<kaz> scribenick: kaz
Chris: During the previous call, Giri
gave a presentation on media timed events
... ATSC work, DASH events, emsg in ISO BMFF containers, ...
... which identified potential gaps with web platform
... That call was well attended, the topic seemed of interest to
many IG members
... so I thought that it was something that the IG should follow up
on
... As part of that, I produced an initial document to summarize
what we discussed
... pointing to existing work, and previous discussions
<tidoust> Use cases and gap analysis: Media timed events and synchronisation in HTML5
Chris: I would like to figure out what
the IG should usefully do
... so today I'm hoping for an open discussion amongst us
all,
... to think about our next steps to progress on this topic
... The document talked described three use cases:
... Synchronised event triggering, support for subtitle and caption
formats other than WebVTT, and Synchronised rendering of web
resources
... I would like to invite Cyril to tell us about synchronised
rendering of web resources
... I have invited Marisa to join us, as chair of the Synchronised
Multimedia for Publications CG
... https://www.w3.org/community/sync-media-pub/
... Maybe you could tell us what some of your goals are, and the
current status?
... On the timed text side, it's great to have members of TTWG with
us today, thank you
... I've spoken with Andreas about the generic TextTrackCue
proposoal, he can't be here today so I'll talk about that
later
... I also want to ask Giri to talk about our next steps
... AOB?
Nigel: I sent a message to the IG
recently about audio description
... implementation of client side, requirements for capture
Chris: Yes, let's cover that as well, thank you.
<scribe> scribenick: cpn
Cyril: Here's a document i'm editing
at MPEG: Carriage of Web resources in ISO BMFF
... [shares his screen]
... It started as an activity in MPEG a while ago, exploring what
was needed in the MPEG space,
... to facilitate delivery of web resources: HTML, JavaScript, CSS,
etc
... We weren't sure at the beginning what the output would be in
terms of standards
... We've produced a committee draft, not uploaded yet, I will do
that in a few days
... It's quite a light document, it doesn't define a new
toolbox
... It's similar to CMAF in that sense, it describes how you use
existing tools from ISO BMFF
... The two aspects we're dealing with are: carriage of timed web
resources, and carriage of non-timed resources
... The difference is more in how the timing information is
delivered,
... eg a resource where the timing is defined in an XML
document
... What is a timed web resource? They're stored in tracks, one
type carries HTML content, another type with JS, another with
WebVTT metadata events
... In the HTML track, the idea is not to define a mechanism or
complex processing for HTML data.
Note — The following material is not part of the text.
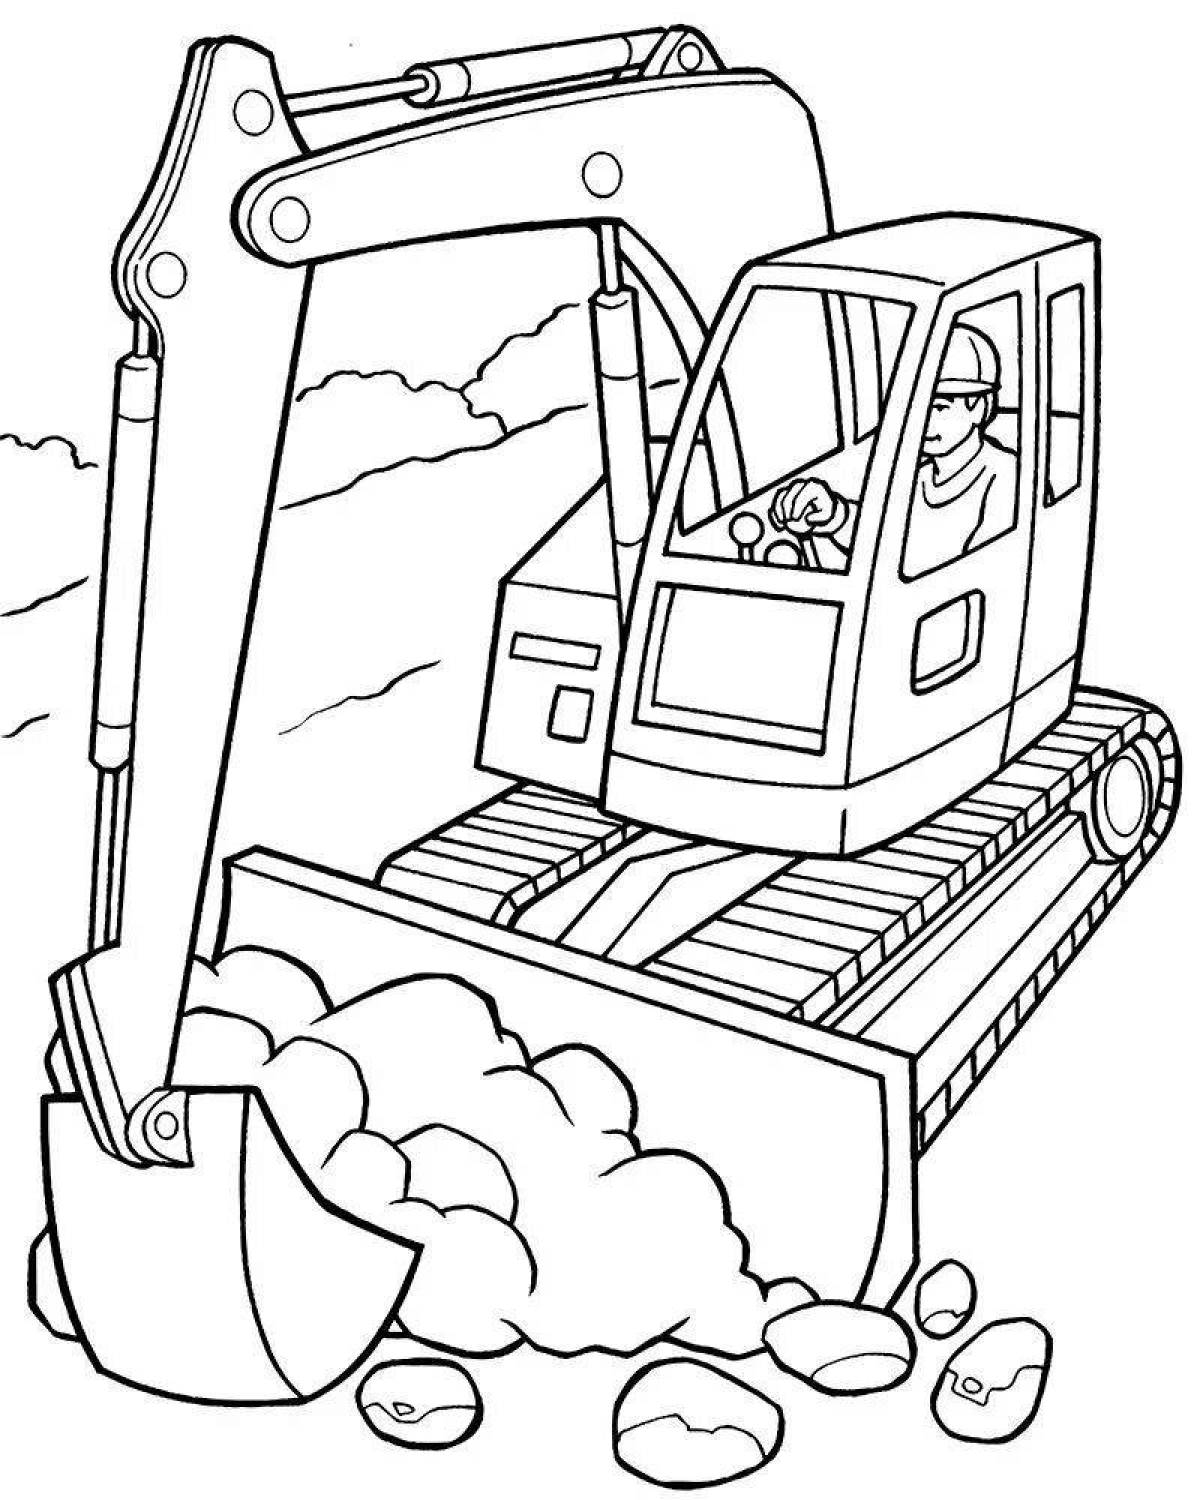 Colorful construction machinery coloring page

The document is loaded at the
time by the processing
... It's as if the browser navigates from one document to another
at the given time
... For JavaScript code, this could have no HTML at all, if the
entire timed application is in JavaScript
... A note about emsg boxes: It's important to understand the
difference between this, and the draft doc I'm presenting
here
... The tracks here are first class tracks in MP4, meant to be
processed in a timely manner.
... With emsg boxes, they're more targeted to the application, not
meant to be replayed
... The content of the time track in this case would be
replayed
... We need to be precise about what entity in the consumer is
intended to handle these events,
... is it something deep in the media player, or something in the
application layer?
Igarashi: I see the difference between the timed media track and emsg boxes, but i don't see the use cases for timed web resources
Cyril: I agree, in most cases you
won't have continuous HTML changes
... The track mechanism can handle sparse events
... The question is which entity will consume the events, and
what's the processing
... One thing not clear to me with emsg, is what happens when you
defragment the file?
... The emsg box in my view is something that you consume while
streaming, but has no meaning outside this
... With timed tracks, content is expected to be useful
separately
Bob: This distinction, is this
something that should be fixed in the emsg spec?
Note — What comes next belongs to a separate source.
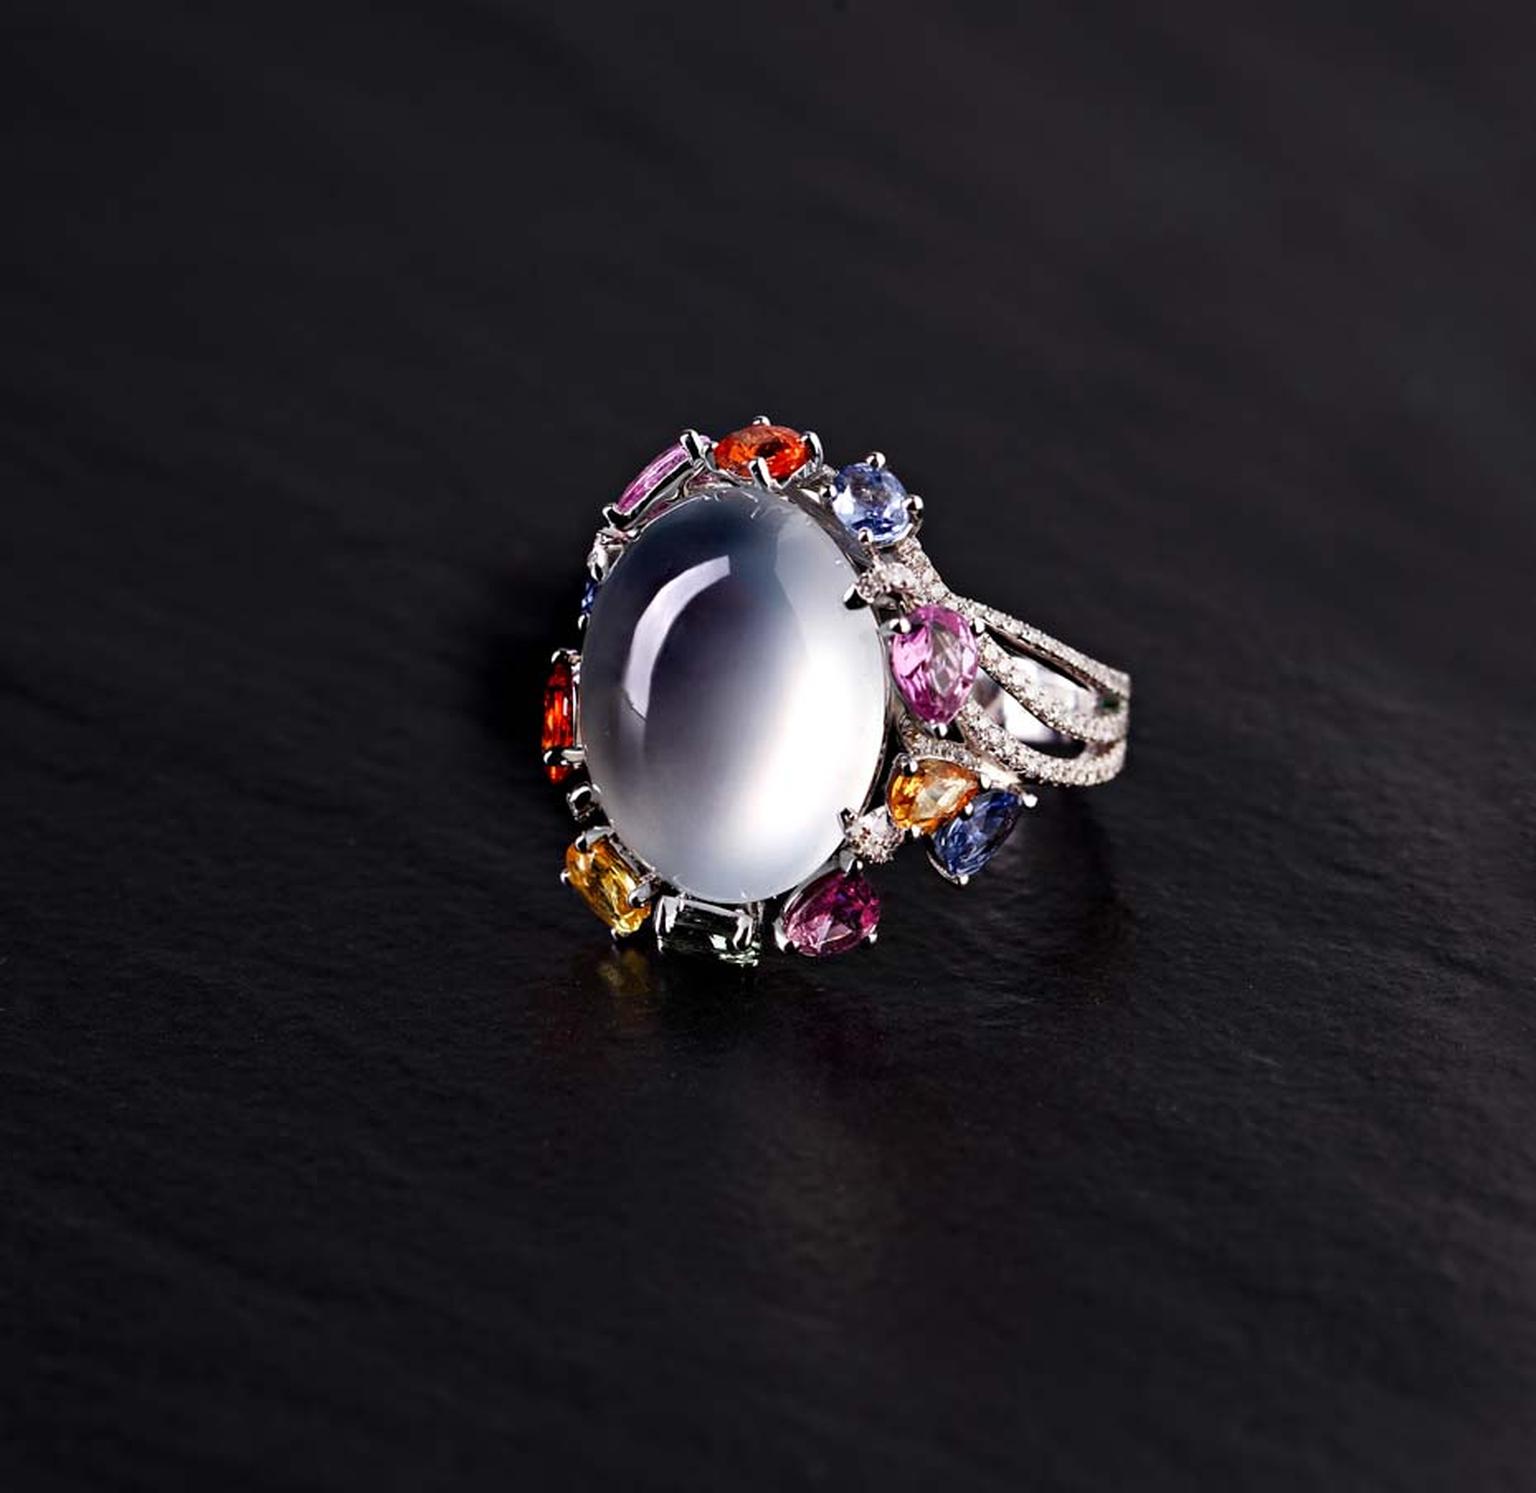 Zhaoyi is renowned for its use of colourless jade in its jewellery designs, such as this icy jadeite ring with diamonds and coloured gemstones.

... I can see applications where you want to replay emsg events
Cyril: Maybe it is possible to design such a player
Bob: We extended the dash player to handle emsg events and dash events
Cyril: In section 5.4, the use of
URLs to web resources, the idea is to clarify how to link to such
resources
... The meta box contains data that should be seen by the browser
as a local cache
... If the browser loads the content, and needs some CSS, it can
find it in the cache, otherwise it goes to the network
... This isn't a new idea, just highlighted in this document
<Zakim> nigel, you wanted to ask how WebVTT metadata can be made available to JavaScript code in the absence of DataCue implementations
Nigel: there's a suggestion that the
data gets turned into something consumable from JS
... This implies DataCue, or is there another way to do it?
Cyril: This doc only covers storage, not how it's exposed, DataCue is one way to go
Nigel: Other mechanisms? Is it important to MPEG how implementable this is (more a process question)?
Cyril: MPEG started this as there was
evidence that with this, you could do something in the
browser,
... eg, a service worker consuming an MP4 file is another way
<kaz> Chris: Thanks Cyril for presenting this information, this is really valuable input.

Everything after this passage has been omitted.